Quintela, T. . 1, 2, 3 , Matute, C. . 1, 2, 3 & Alberdi, E. 1, 2, 3
1 Departamento de Neurociencias, Universidad del País Vasco (UPV/EHU), Leioa, Spain
2 Achucarro Basque Center for Neuroscience, UPV/EHU, Zamudio, Spain
3 Centro de Investigación Biomédica en Red en Enfermedades Neurodegenerativas (CIBERNED)

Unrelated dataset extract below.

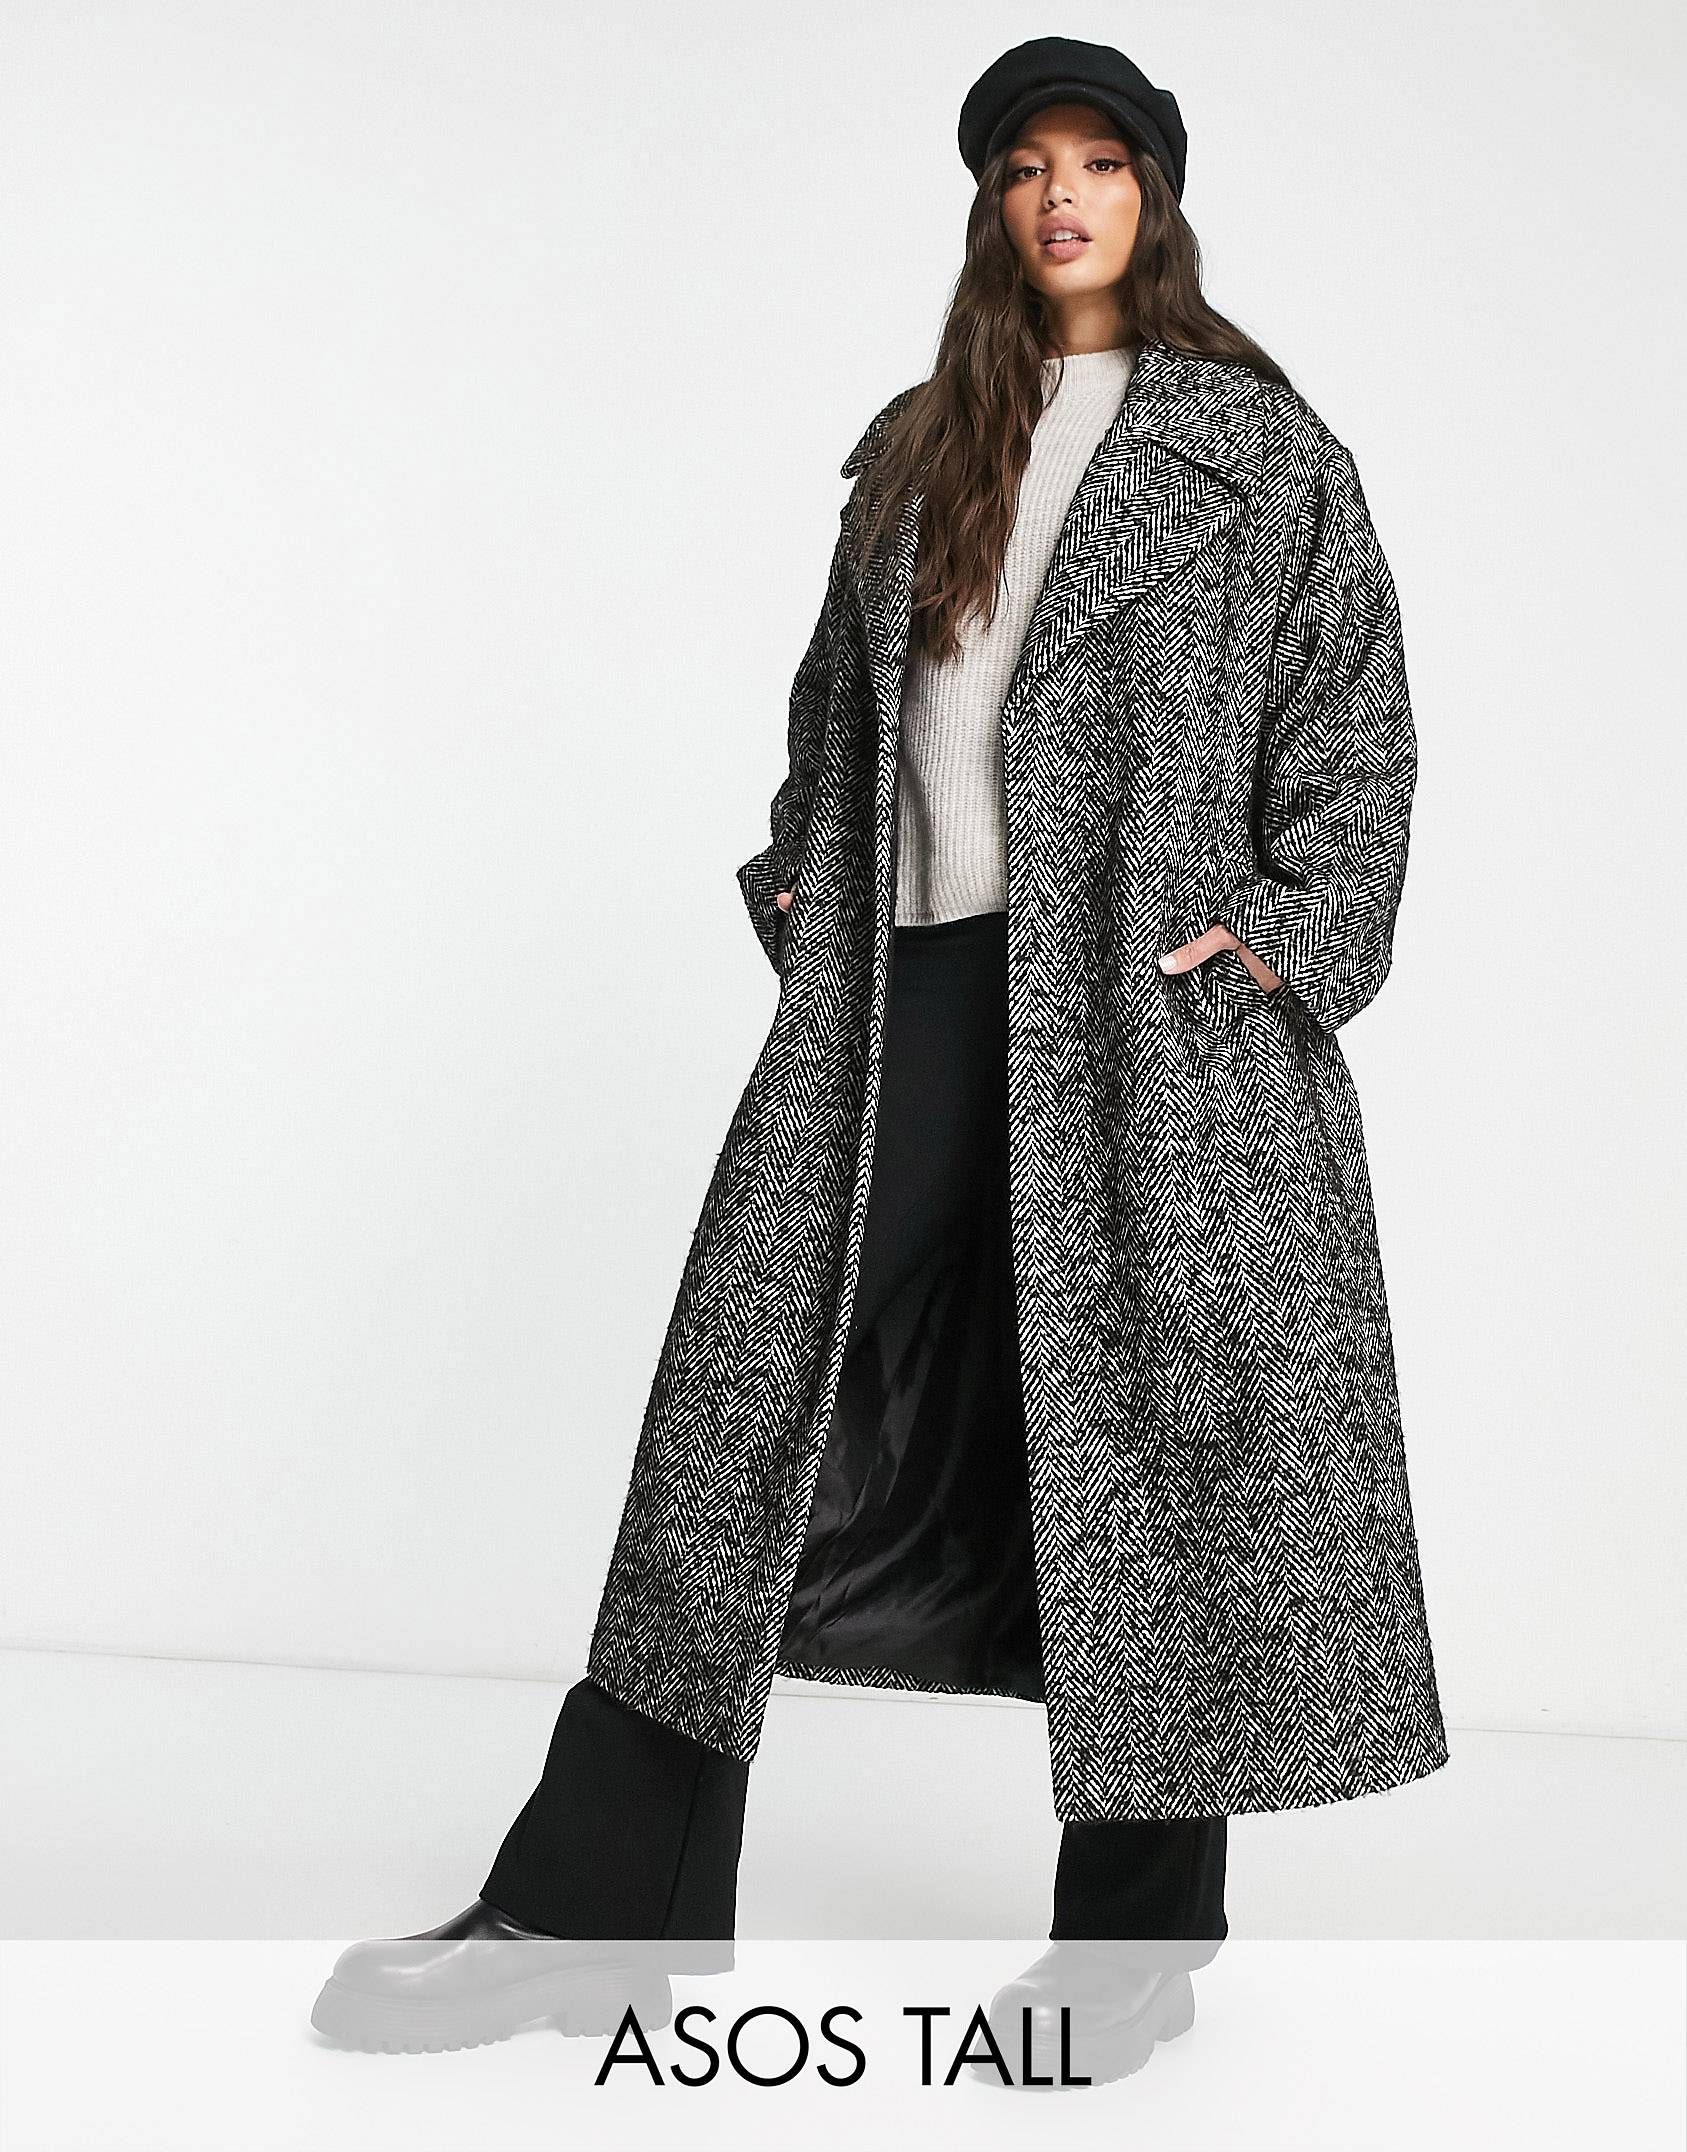 ASOS DESIGN Tall - Manteau habillé ceinturé à chevrons - Noir et blanc | ASOS (Global)

Amyloid beta (Abeta) oligomers are key peptides involved in Alzheimer´s disease (AD) pathogenesis. The effects of these oligomers on white matter, and specifically on oligodendrocytes (OLG) are still poorly understood, even though their damage may contribute to cognitive decline in AD. Here, we have investigated the role of Abeta oligomers in OLG differentiation and myelination in vitro and in vivo. Using a panel of developmental stage-specific antigenic markers, we observed that Abeta oligomers modified the differentiation pattern, regulating the transition of early progenitors to the late progenitor stage (O4 positive cells) and to the inmature to mature OLG stage (MBP positive cells) in OLG in vitro. To further investigate the pathway underlying Abeta-mediated OLG differentiation, we analyzed the phosphorylation levels of three key proteins involved in myelin synthesis, AKT, ERK and CREB. We found that Abeta oligomers promoted a sustained AKT dephosphorylation, and ERK and CREB phosphorylation and the specific pharmacological inhibition of these pathways reduced the Abeta-induced MBP upregulation in cultured OLGs. Furthermore, Abeta oligomers increased the MBP levels in cultured cerebellar slices in control and in lysolecithin-induced demyelination conditions. This Abeta-mediated myelin upregulation was confirmed in the corpus callosum of a mouse model of AD. Our data suggest that Abeta oligomers induce OLG differentiation through MAPK/ERK, PI3K/AKT and PKA/CREB signaling pathways, which may be relevant to understand AD pathophysiology.